Ich arbeite nur bis 13.00     und um 17.30 hab ich ein Date beim Zahnarzt...entweder 14.00 Uhr oder 15.00 Uhr mit disziplinierter Rückkehr um 17.00...dan duschn ich halt vorher nicht merh...


----------



## Frazer (19. Februar 2004)

merkt_p schrieb:
			
		

> @Fraser: was nützen Dir 6 Bikes wenn Du nicht fährst??? Dann lieber nur 1 Bike und viel Spass haben.




Jeder wie er kann...   

Aber jeder setzt in seinem Leben die Prioritäten etwas anders, und meine Chefin wäre wohl nicht begeistert, wenn ich lieber mitm MTB fahren geh, als meine Arbeit zu machen.... Nee nee, is nicht, am WE gern mal, unter der Woche is echt schlecht.


----------



## MTB-News.de




----------



## merkt_p (20. Februar 2004)

@ Alti: Du kannst jederzeit abbrechen, die maximale Entfernung zum Tiergarten wird ca. 5 km betragen und der "Blaustrich" oder die Forstautobahn sind immer in der Nähe

Sportlichen Gruß Martin


----------



## rieni (20. Februar 2004)

merkt_p schrieb:
			
		

> Hallo
> Wann: Faschingsdienstag 24.02. um 15.00 Uhr
> 
> Wo: Haupteingang Tiergarten Nürnberg
> Martin



bis denn dann

Gruß
Rieni


----------



## Coffee (20. Februar 2004)

tataaaaaaaaaaa

das ist ja ne Super Idee. Leider bin cih ja TOTAL Untrainiert und leicht gehandykaped. Wobei ich mir so nen Faschingskrapfen ungern entgehen lasse *gg*

Grüßle coffee


----------



## amelius (21. Februar 2004)

Coffee schrieb:
			
		

> ....das ist ja ne Super Idee. Leider bin cih ja TOTAL Untrainiert und leicht gehandykaped.
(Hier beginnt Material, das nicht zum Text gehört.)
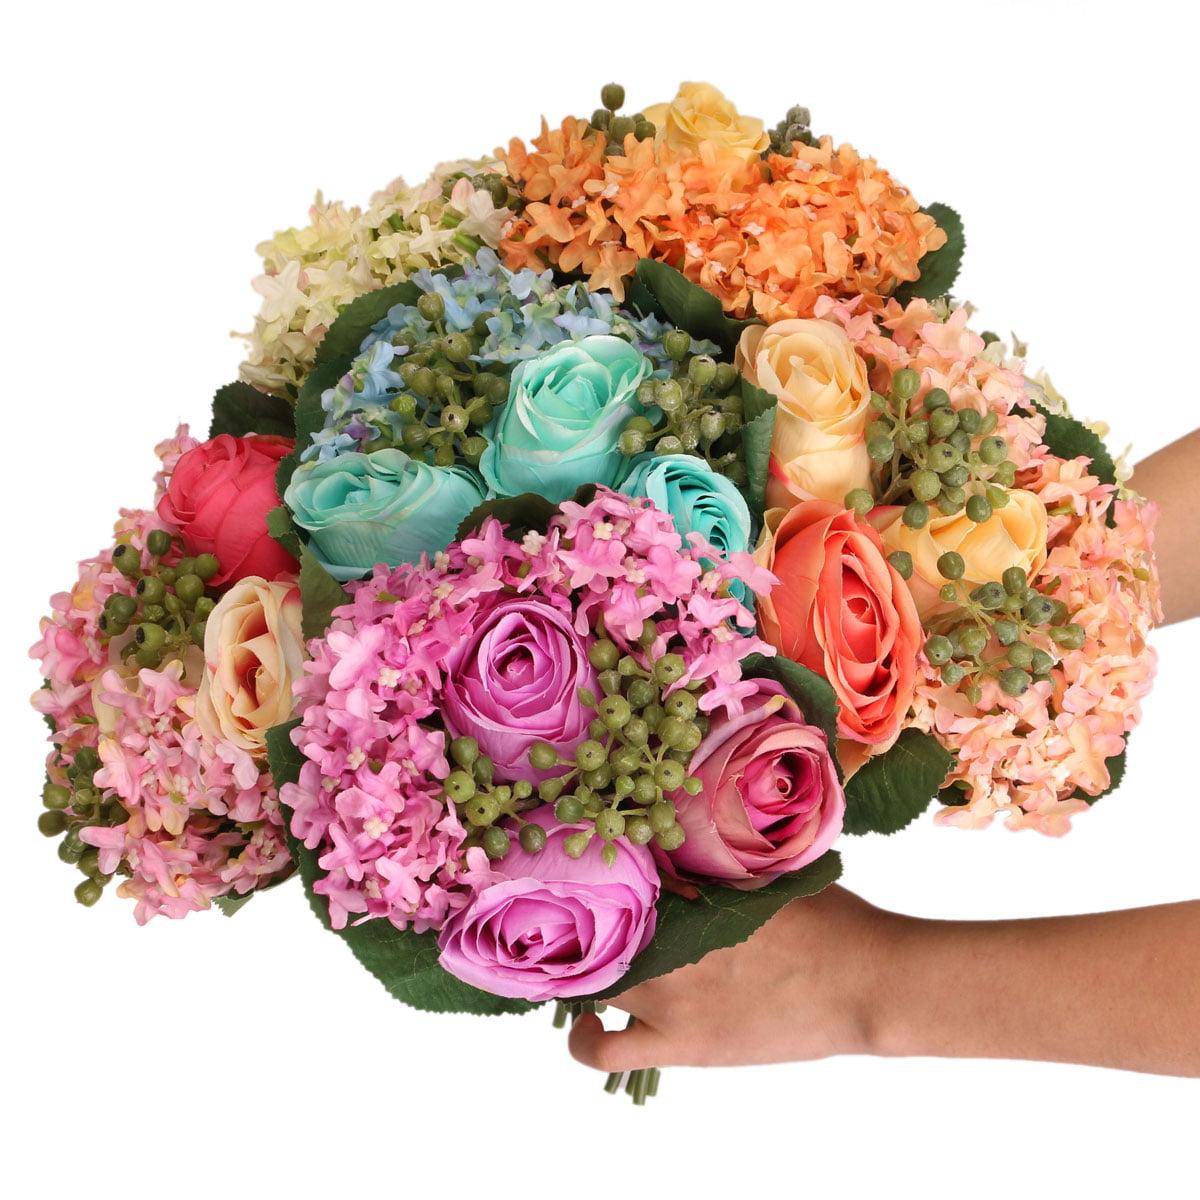 1 Bouquet Artificial decoration Rose Silk Hydrangea Flowers Bridal Home Party Wedding Decor

Wobei ich mir so nen Faschingskrapfen ungern entgehen lasse *gg*
> 
> Grüßle coffee



 .... ist doch kein Problem, wenn Du grad kein Handy hast .... es findet sich bestimmt jemand, der Dir eins leihen würde .....   

SCNR

ps.
neee, isch bin nischt der Deschnigger mit Tarnkappe  

Helau!


----------



## Altitude (23. Februar 2004)

merkt_p schrieb:
			
		

> @ Alti: Du kannst jederzeit abbrechen, die maximale Entfernung zum Tiergarten wird ca. 5 km betragen und der "Blaustrich" oder die Forstautobahn sind immer in der Nähe
> 
> Sportlichen Gruß Martin


OK, dann bis Morgen...bin der fette schwarz gekleidete Kerl mit der vergammelten und stinkenden Marin-Titanmähre


----------



## merkt_p (24. Februar 2004)

Hallo,

ich freue mich auf Euch.

Das Wetter und die Verhältnisse sind ganz gut, die Trailsgehören uns.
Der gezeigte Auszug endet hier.